* Work to be completed:
The lines to be extracted begin at the line containing "Bud Friendly Unicorn Birthday Party" and end at the last line of the data below; copy them exactly and leave out the pictures.
Segment Start: Data for this exercise
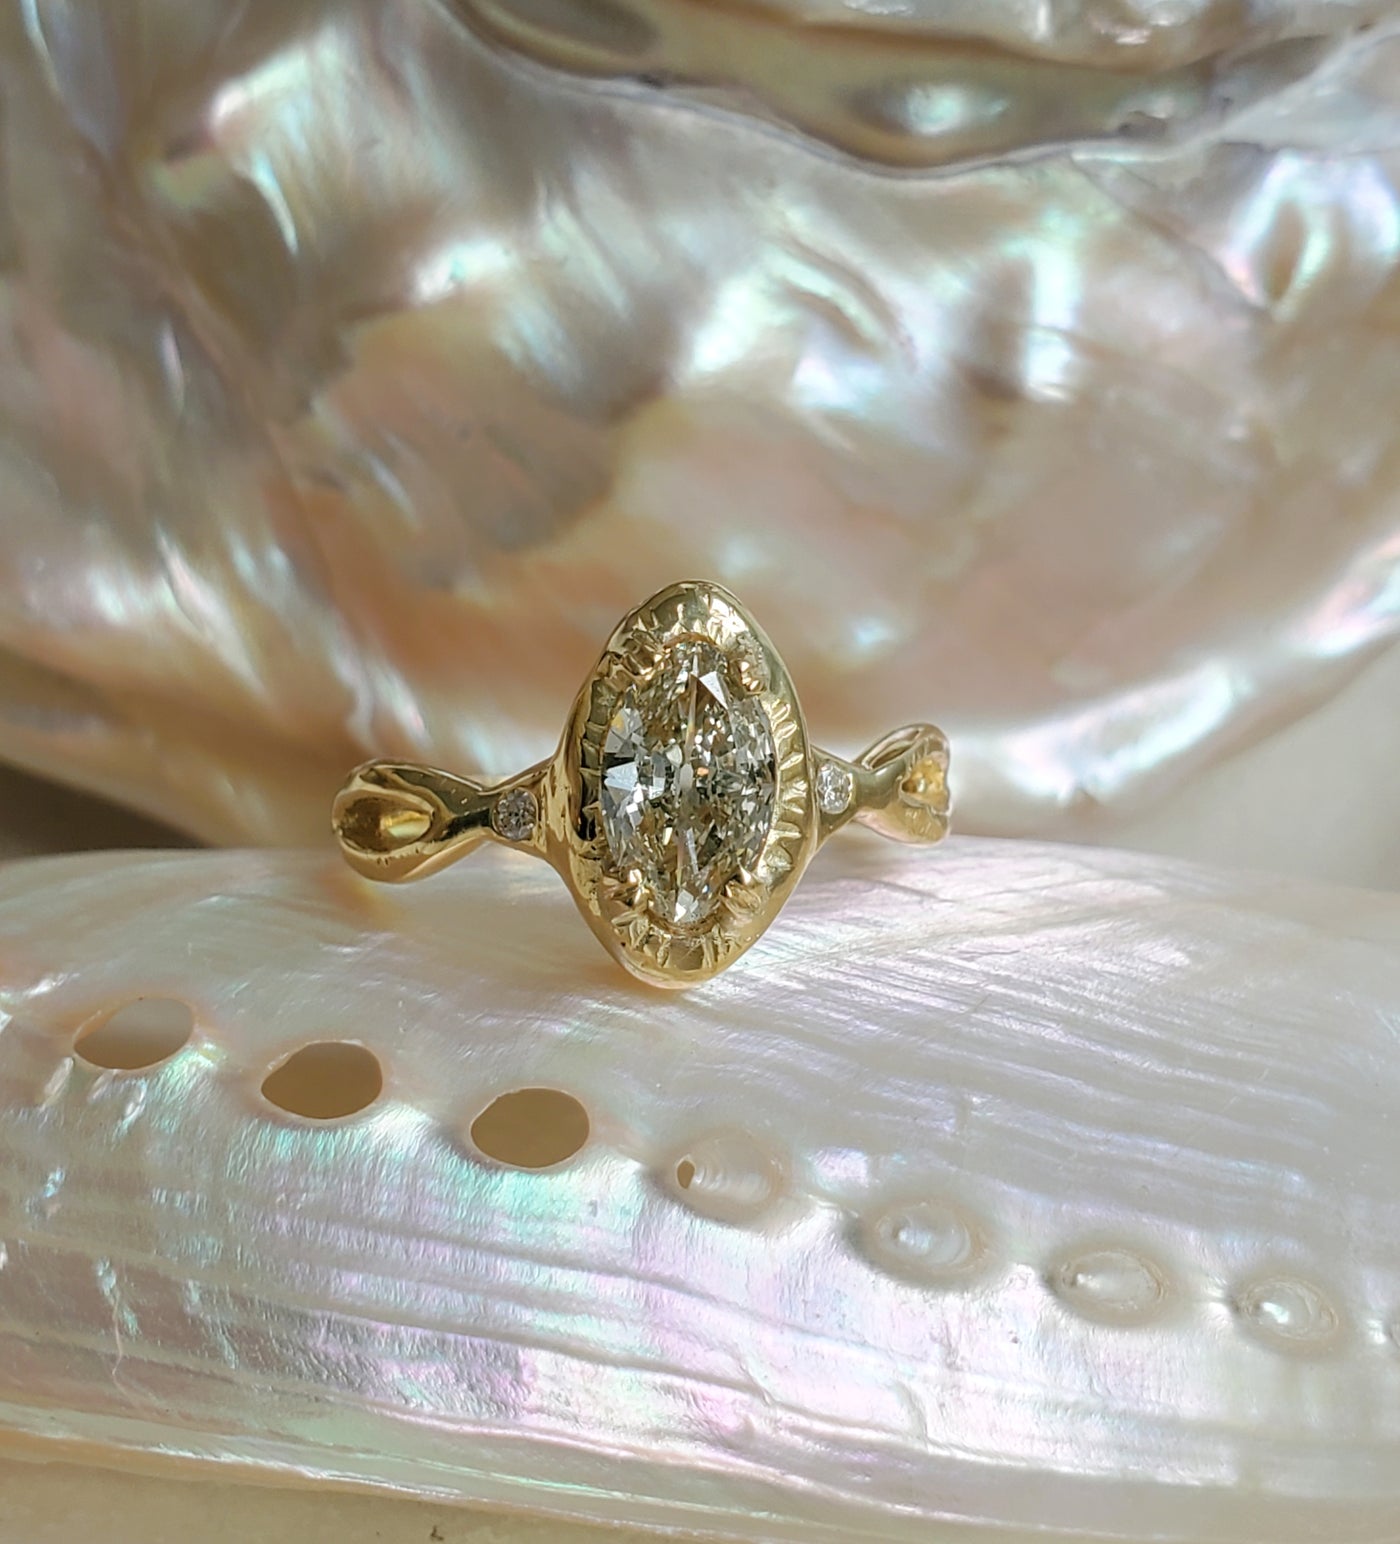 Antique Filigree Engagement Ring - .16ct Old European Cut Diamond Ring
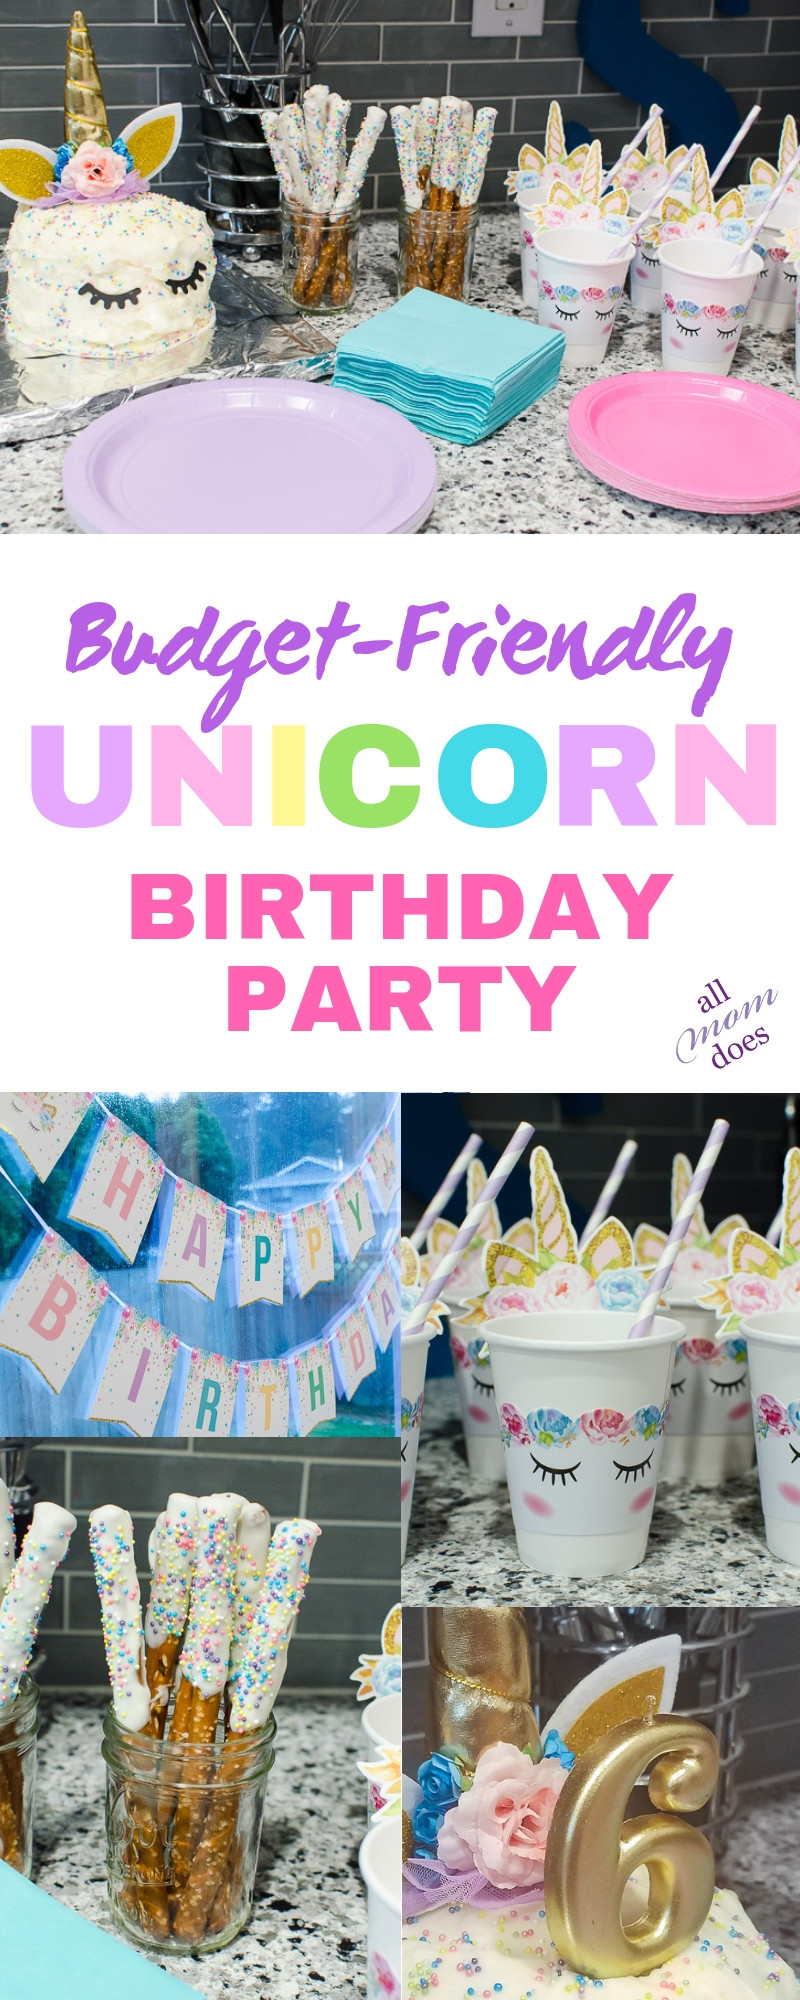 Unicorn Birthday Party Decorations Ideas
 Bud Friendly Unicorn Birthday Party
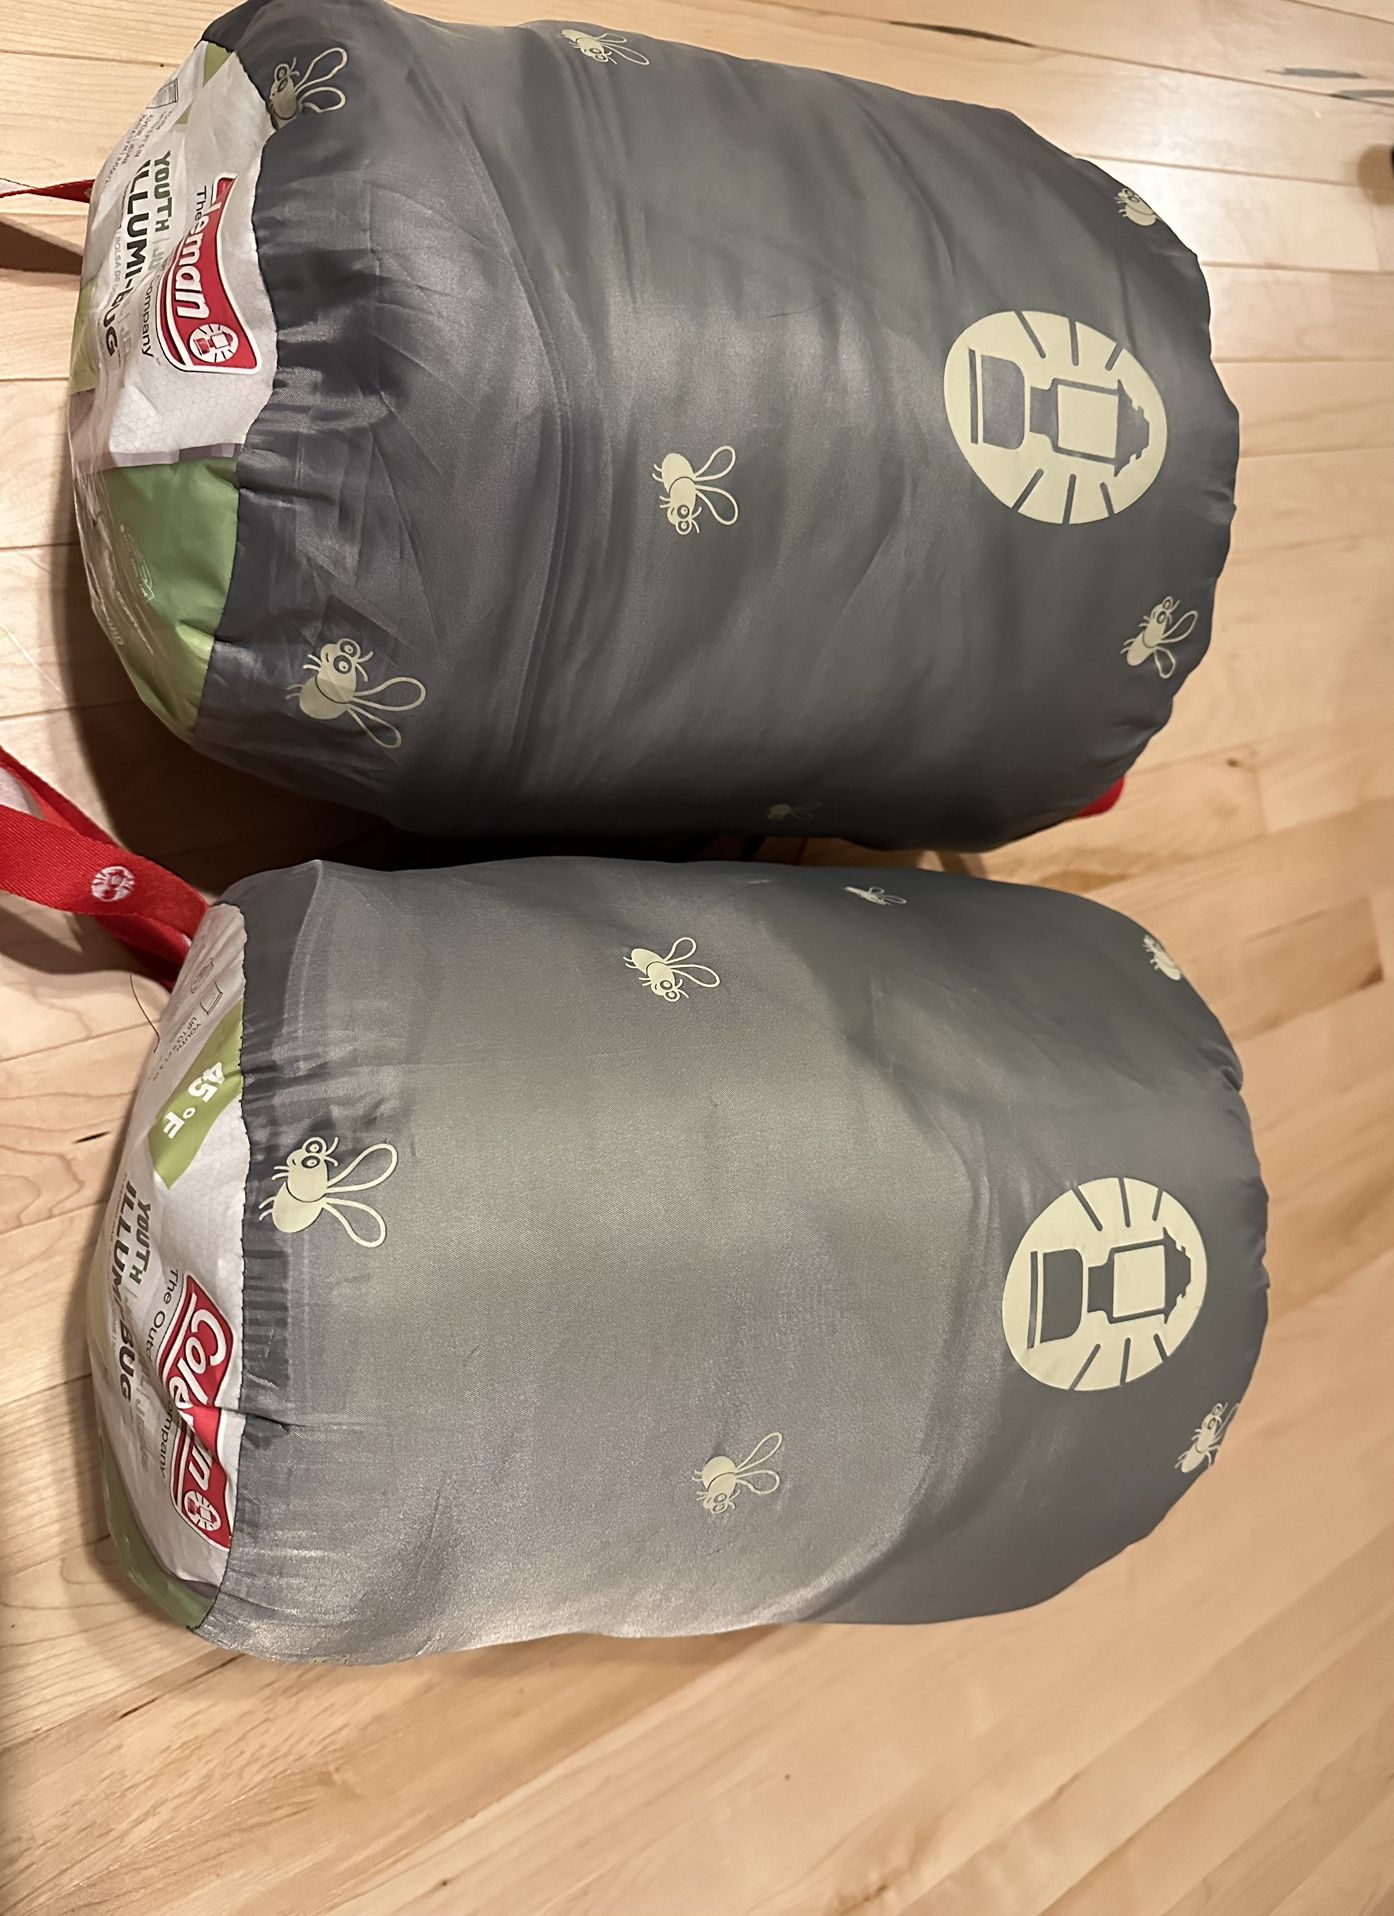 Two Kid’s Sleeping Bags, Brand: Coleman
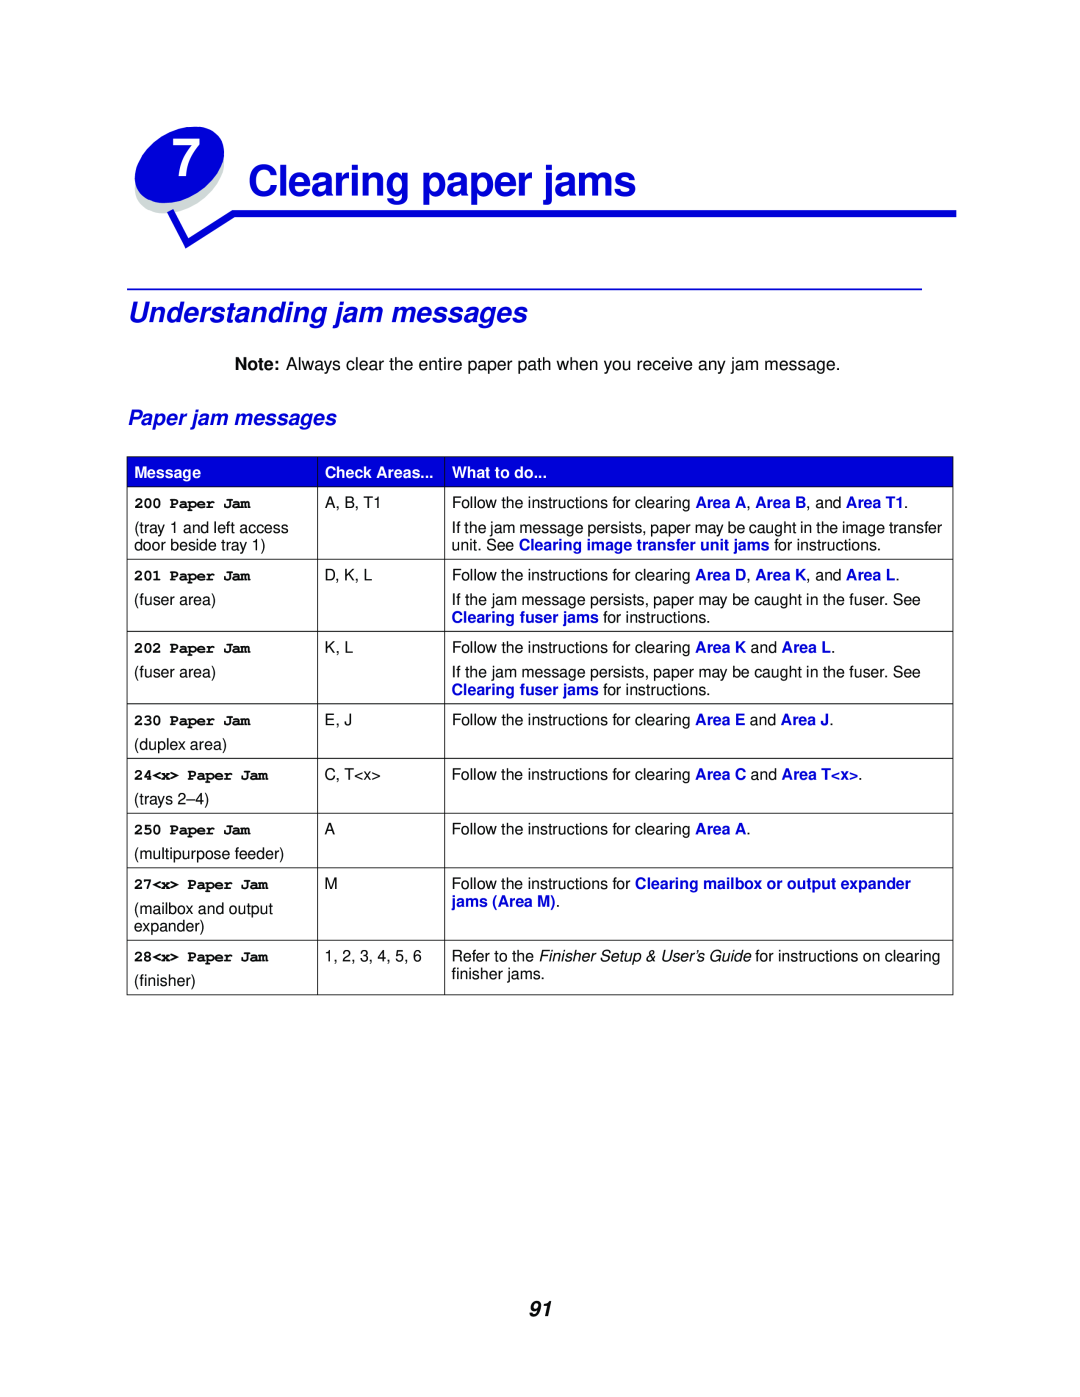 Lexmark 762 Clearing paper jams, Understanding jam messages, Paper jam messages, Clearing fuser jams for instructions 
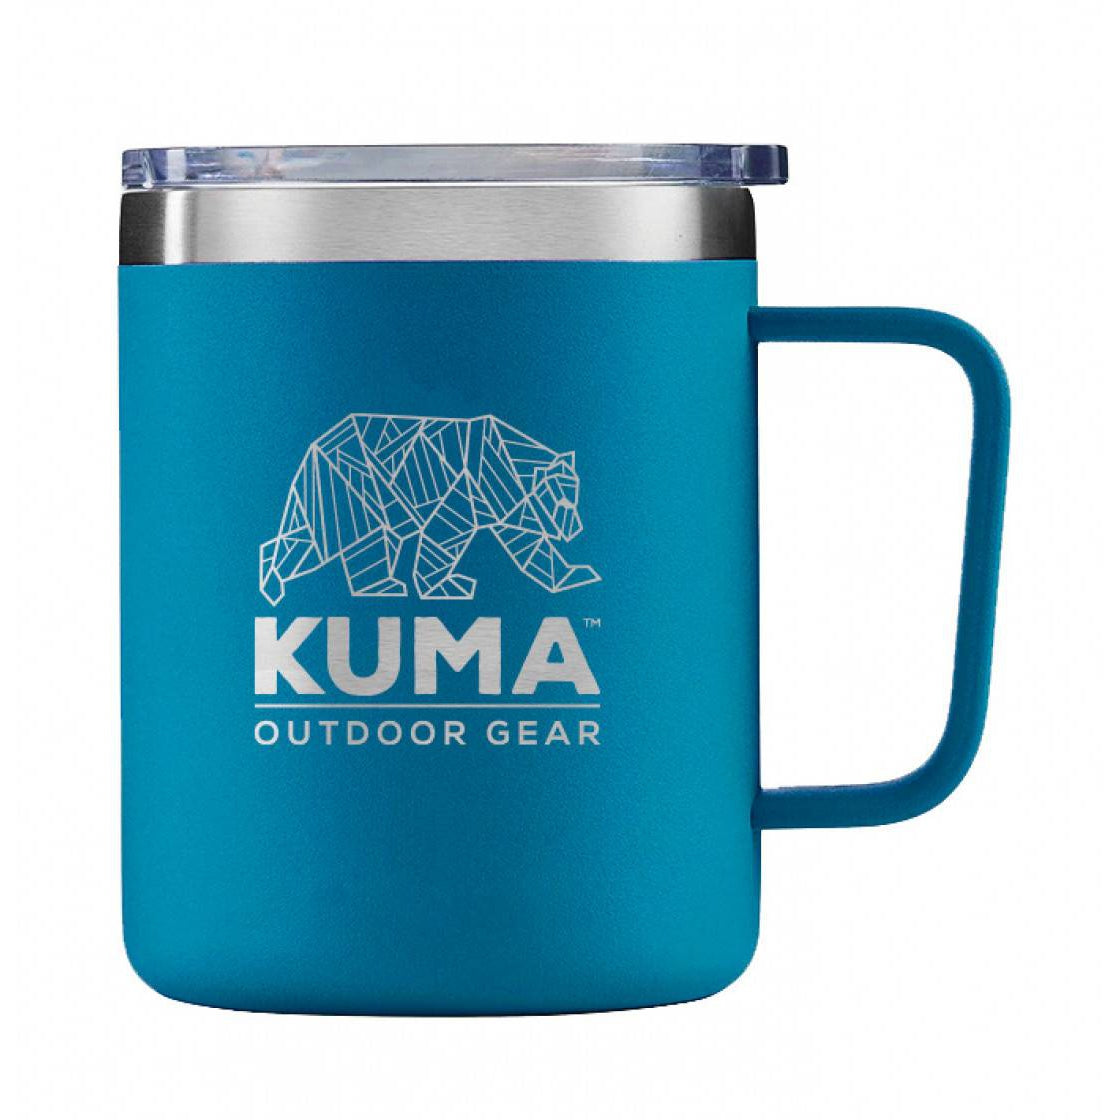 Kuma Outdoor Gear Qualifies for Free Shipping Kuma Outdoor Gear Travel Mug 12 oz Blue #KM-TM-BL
Segment End: Data for this exercise
* Exercise result:
 Bud Friendly Unicorn Birthday Party
 Two Kid’s Sleeping Bags, Brand: Coleman
 Lexmark 762 Clearing paper jams, Understanding jam messages, Paper jam messages, Clearing fuser jams for instructions 
 Kuma Outdoor Gear Qualifies for Free Shipping Kuma Outdoor Gear Travel Mug 12 oz Blue #KM-TM-BL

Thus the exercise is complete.